▸ LISTED RECORDS:
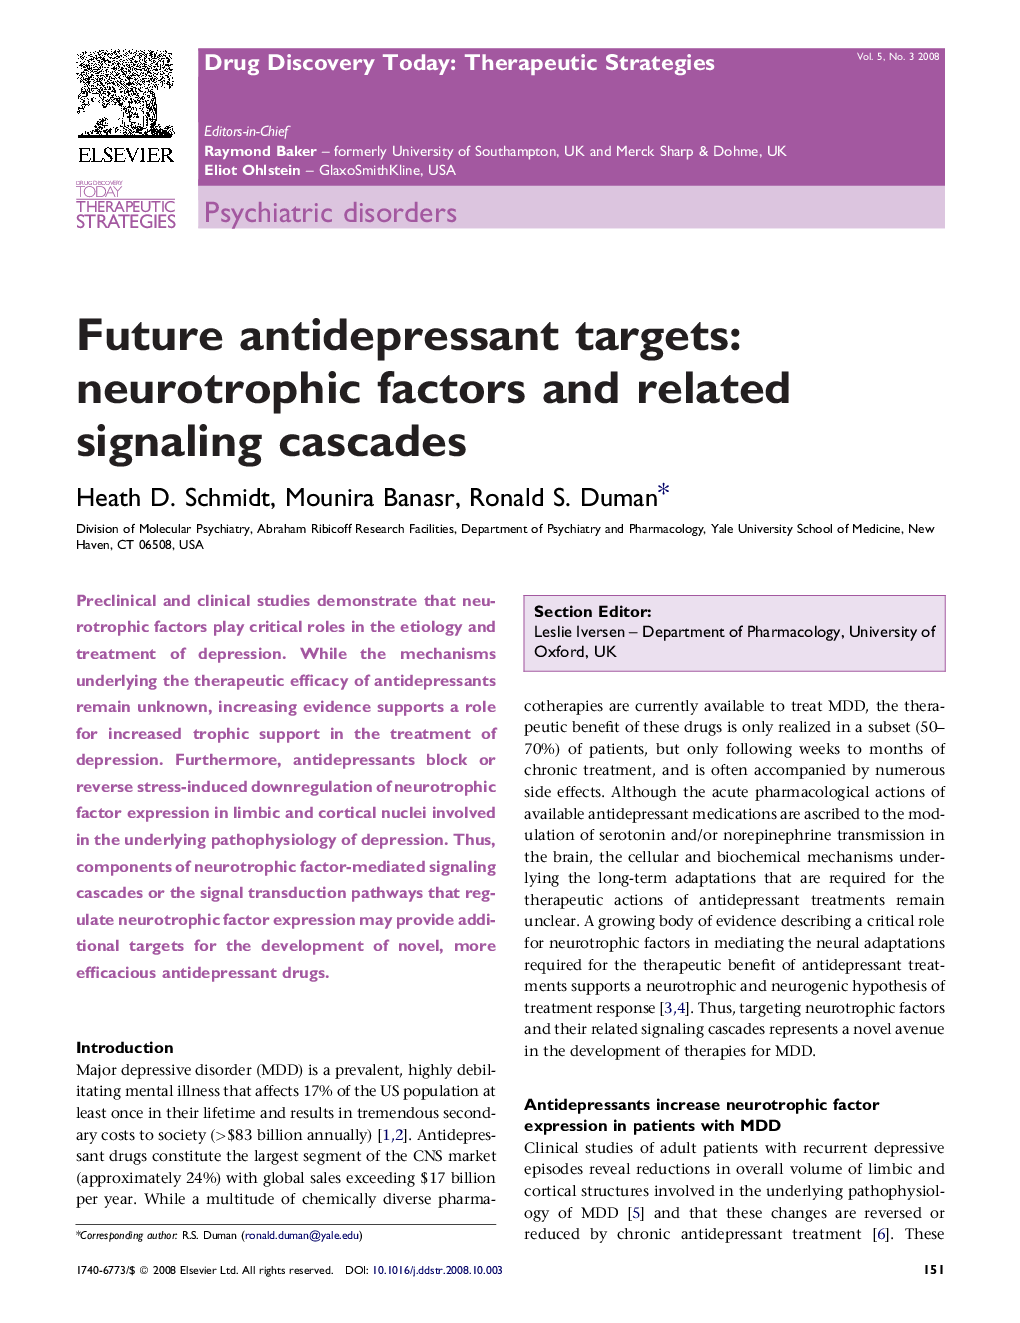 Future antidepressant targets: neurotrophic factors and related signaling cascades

---

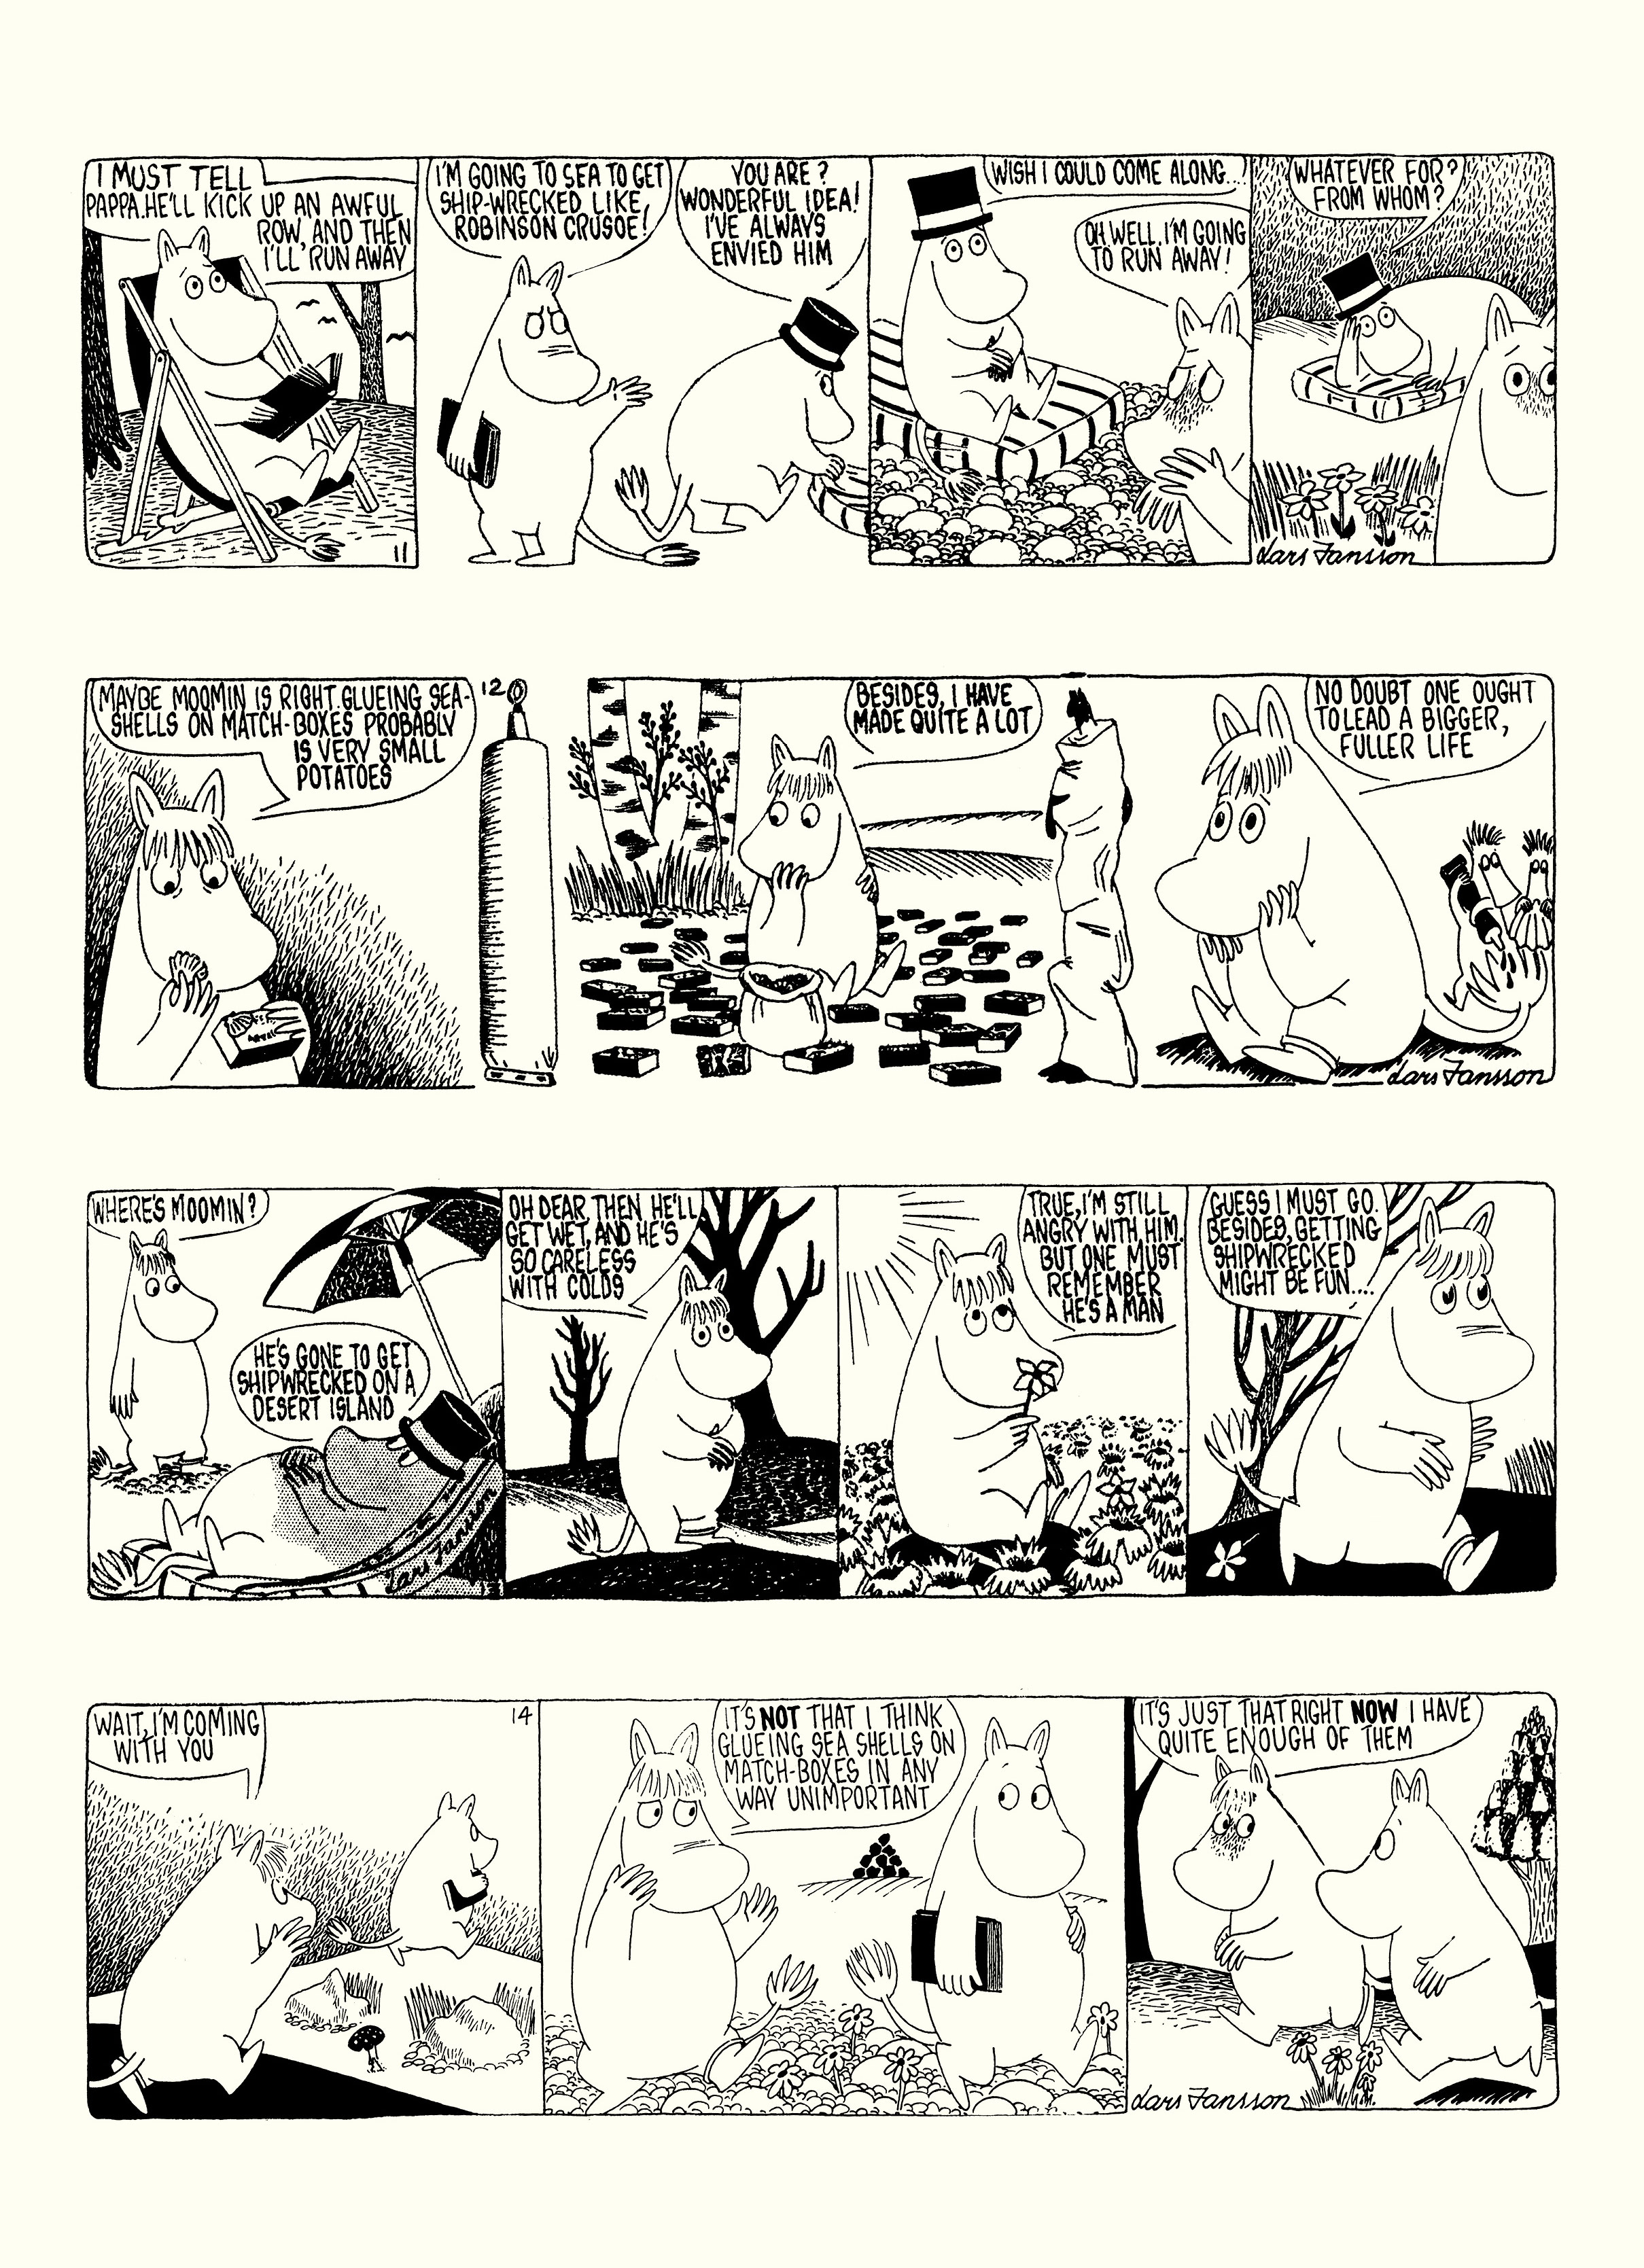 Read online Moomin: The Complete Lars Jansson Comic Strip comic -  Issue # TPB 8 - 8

...

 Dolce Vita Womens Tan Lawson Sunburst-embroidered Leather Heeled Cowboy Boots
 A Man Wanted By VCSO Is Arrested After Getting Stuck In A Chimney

▸ TASK TO CARRY OUT: From the line containing "Dolce Vita Womens" down to the line containing "A Man Wanted" in the material above, reproduce every line exactly, including the two end lines.

▸ SOLUTION TO THE EXERCISE:
 Dolce Vita Womens Tan Lawson Sunburst-embroidered Leather Heeled Cowboy Boots
 A Man Wanted By VCSO Is Arrested After Getting Stuck In A Chimney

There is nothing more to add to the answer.